◆ Raw data ◆
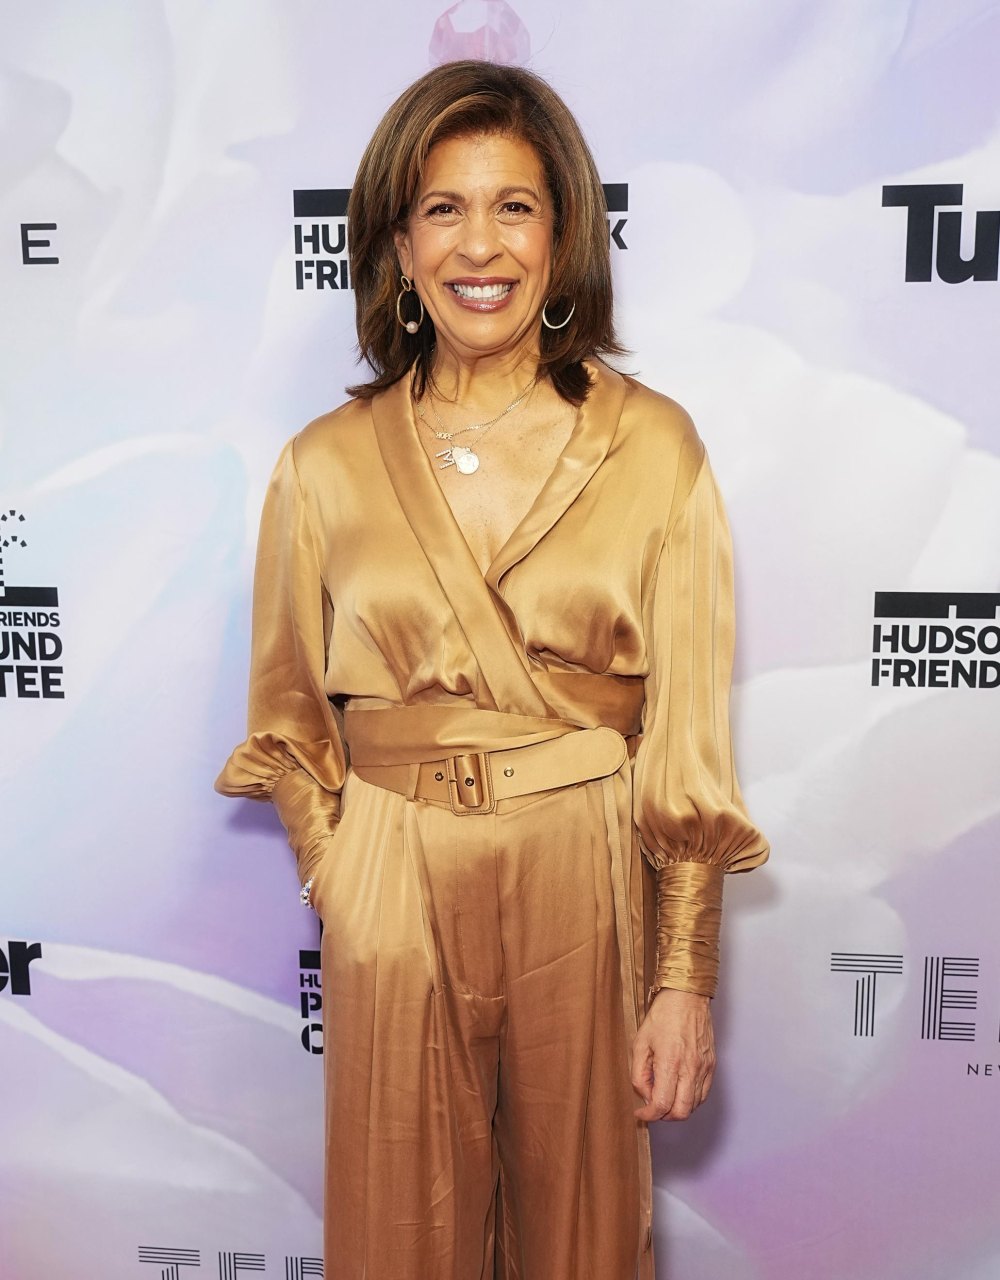 Everything Today Anchor Hoda Kotb Has Said About Marriage Breakups and Dating Through the Years 769
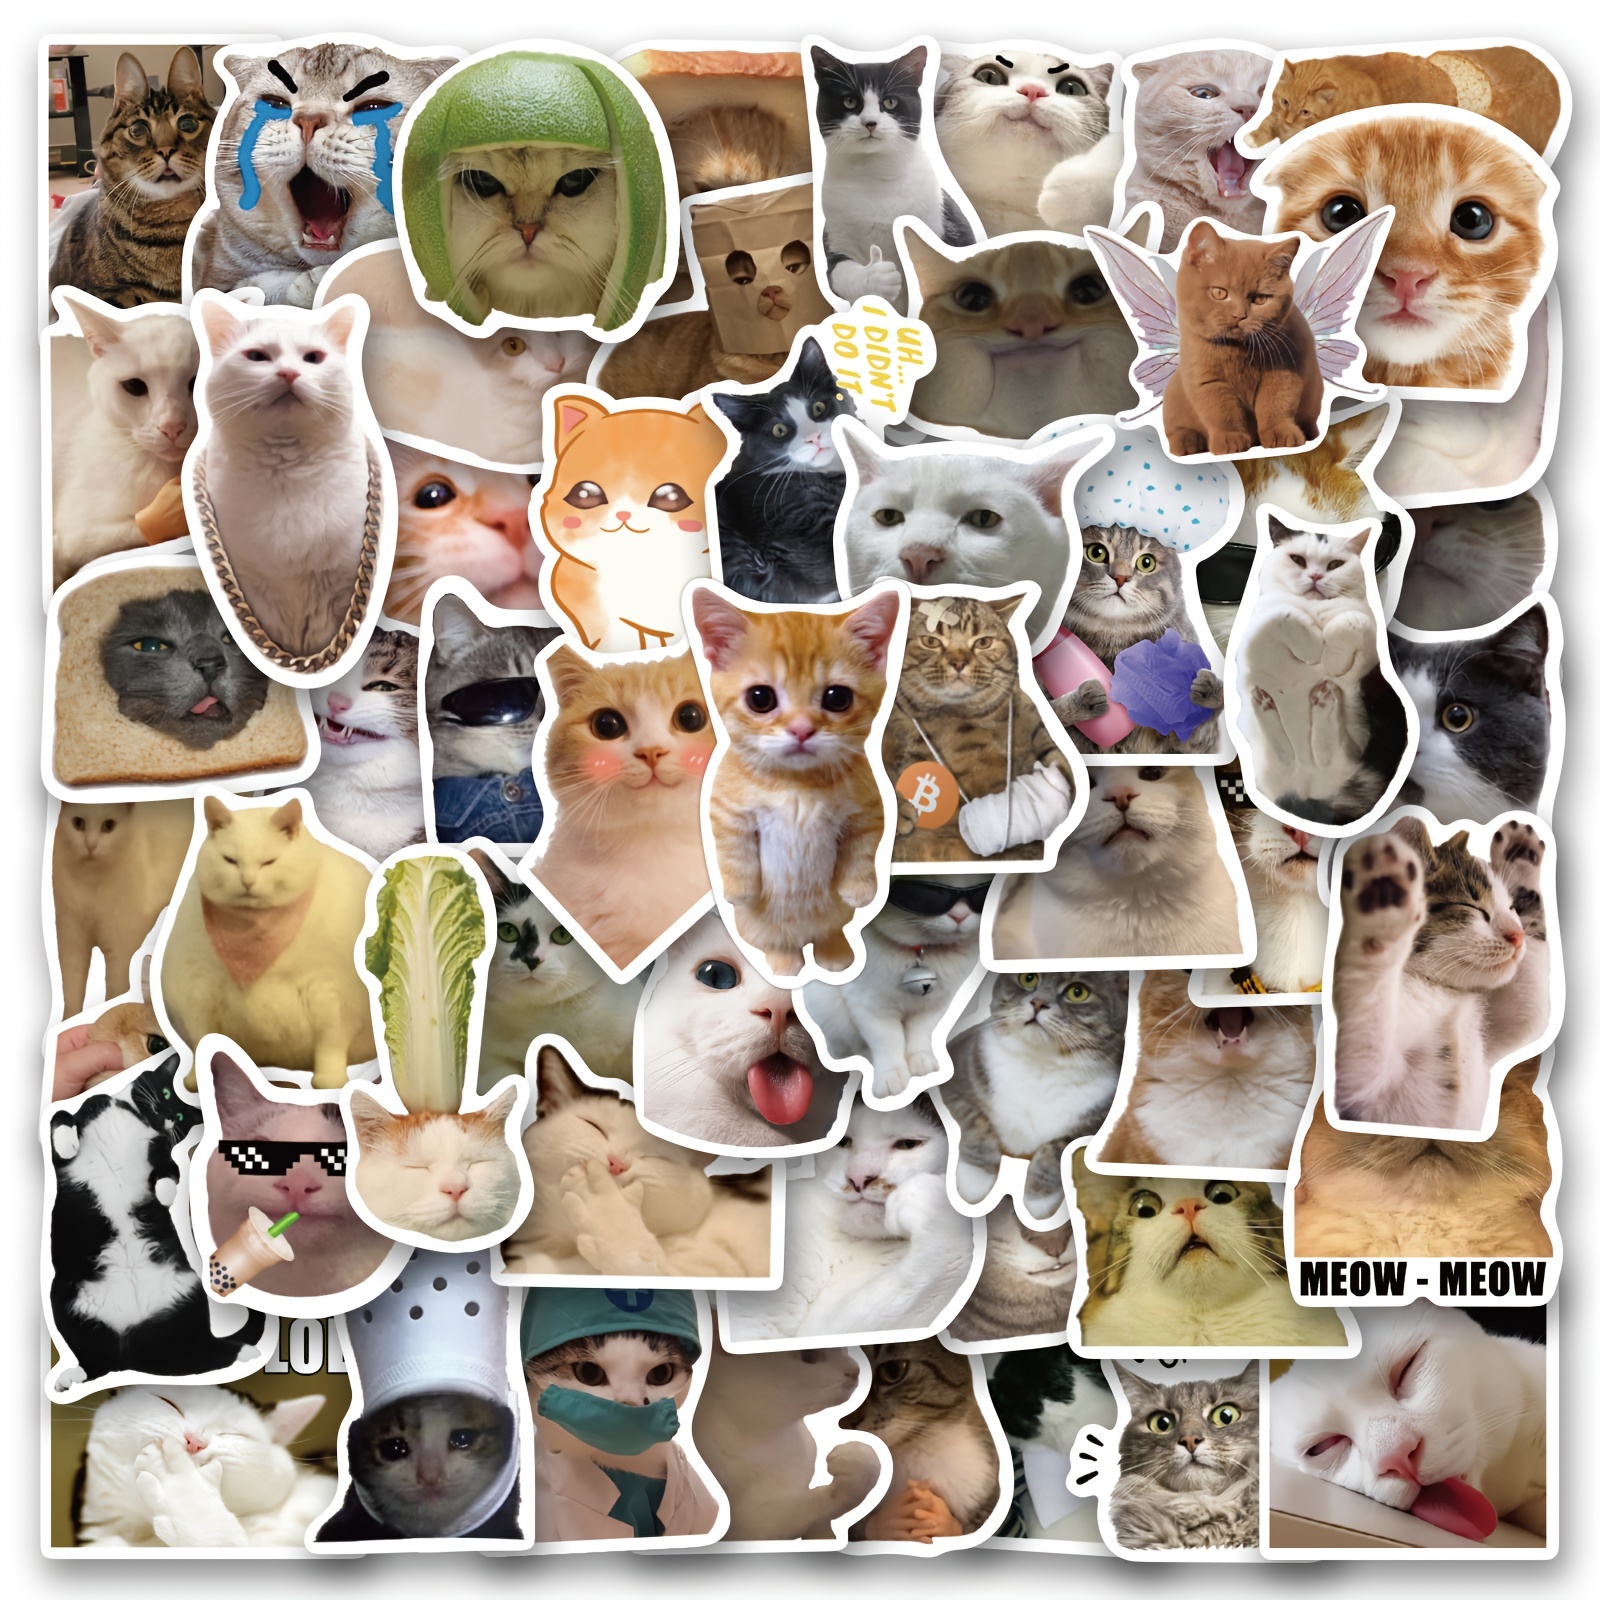 Pack 3 Pcs Sticker - Funny Cat Face - Cute Kitty Cat Meme Sticker Decals for
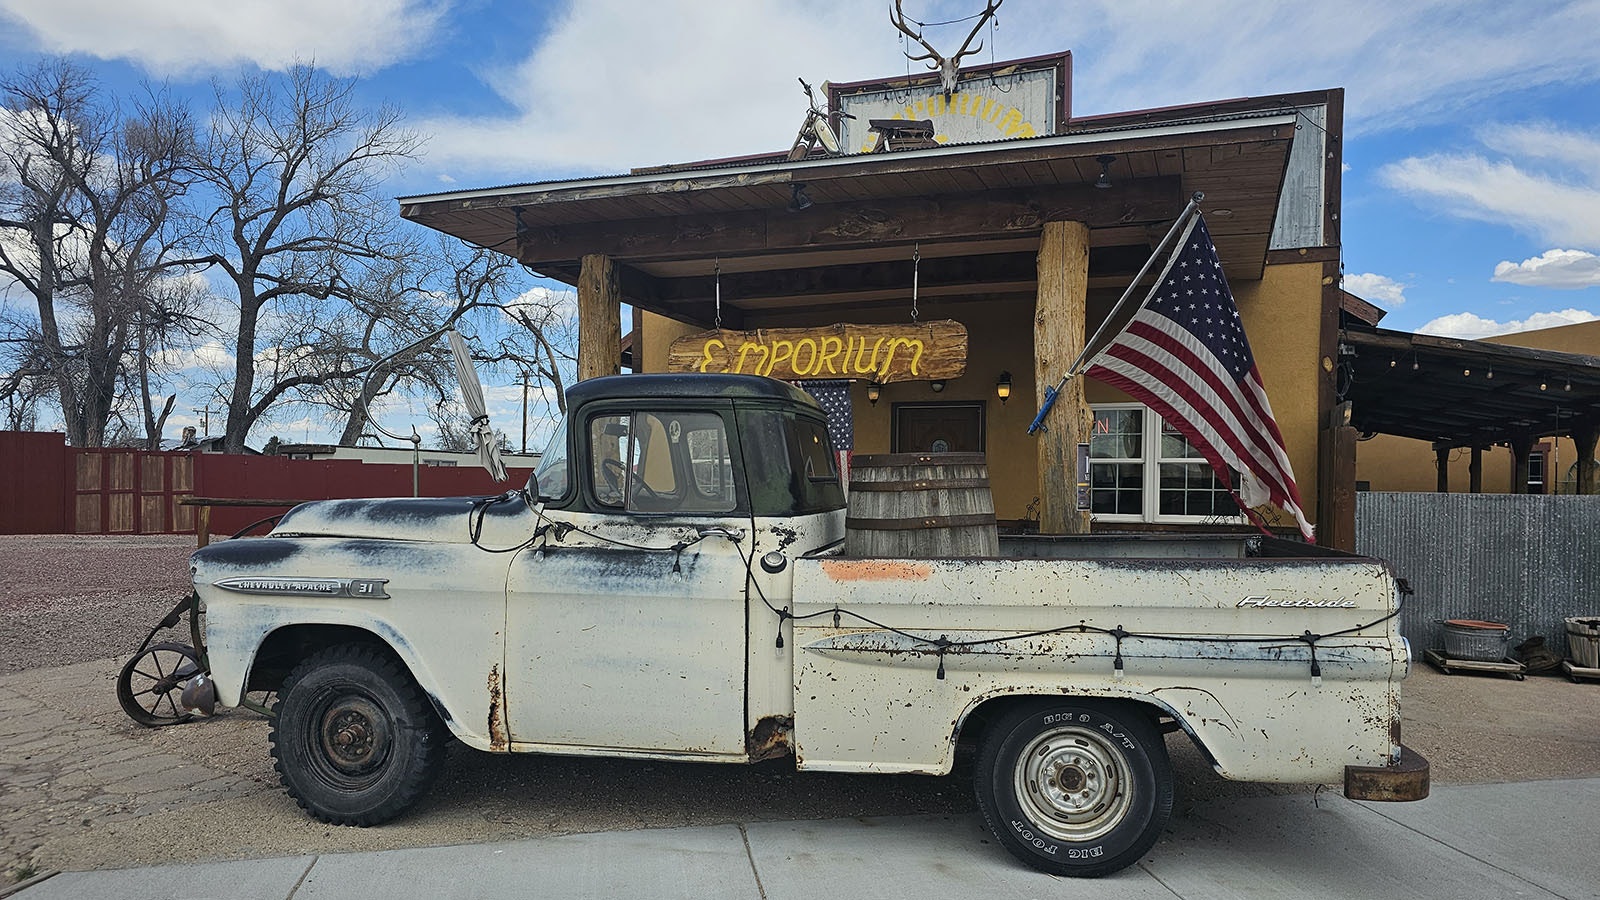 An old pickup truck with a beer keg in back is lighted up at night to draw attention to The Emporium.
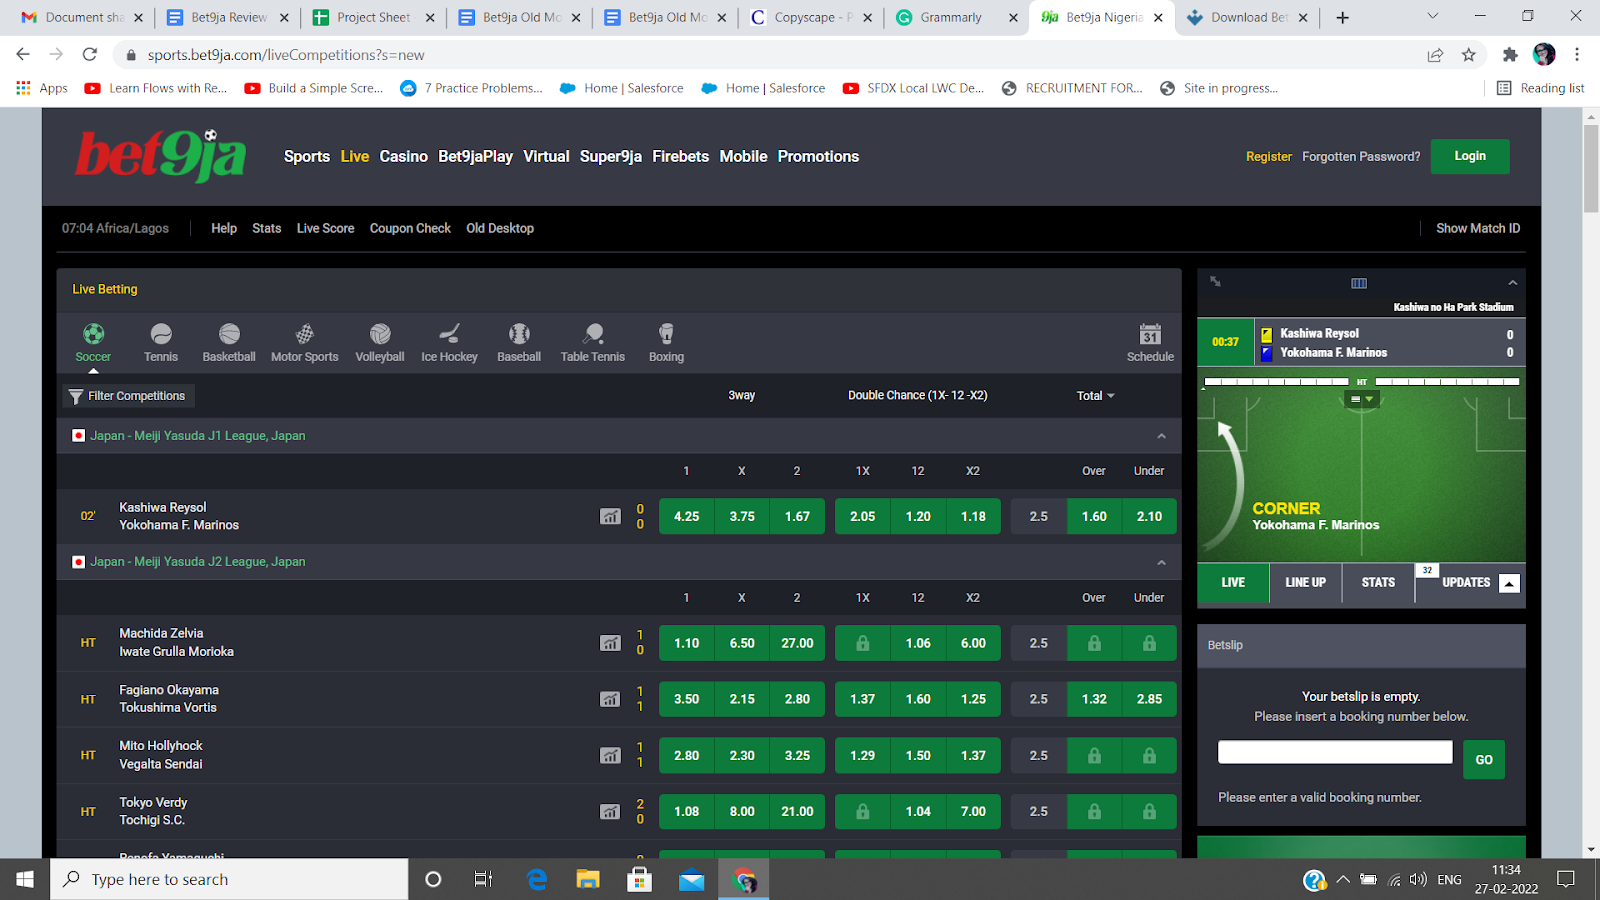 Home page of the web version of Bet9ja site.

◆ The problem ◆
Reproduce the whole listing verbatim and keep all pictures out of it.

◆ Task result ◆
 Everything Today Anchor Hoda Kotb Has Said About Marriage Breakups and Dating Through the Years 769
 Pack 3 Pcs Sticker - Funny Cat Face - Cute Kitty Cat Meme Sticker Decals for
 An old pickup truck with a beer keg in back is lighted up at night to draw attention to The Emporium.
 Home page of the web version of Bet9ja site.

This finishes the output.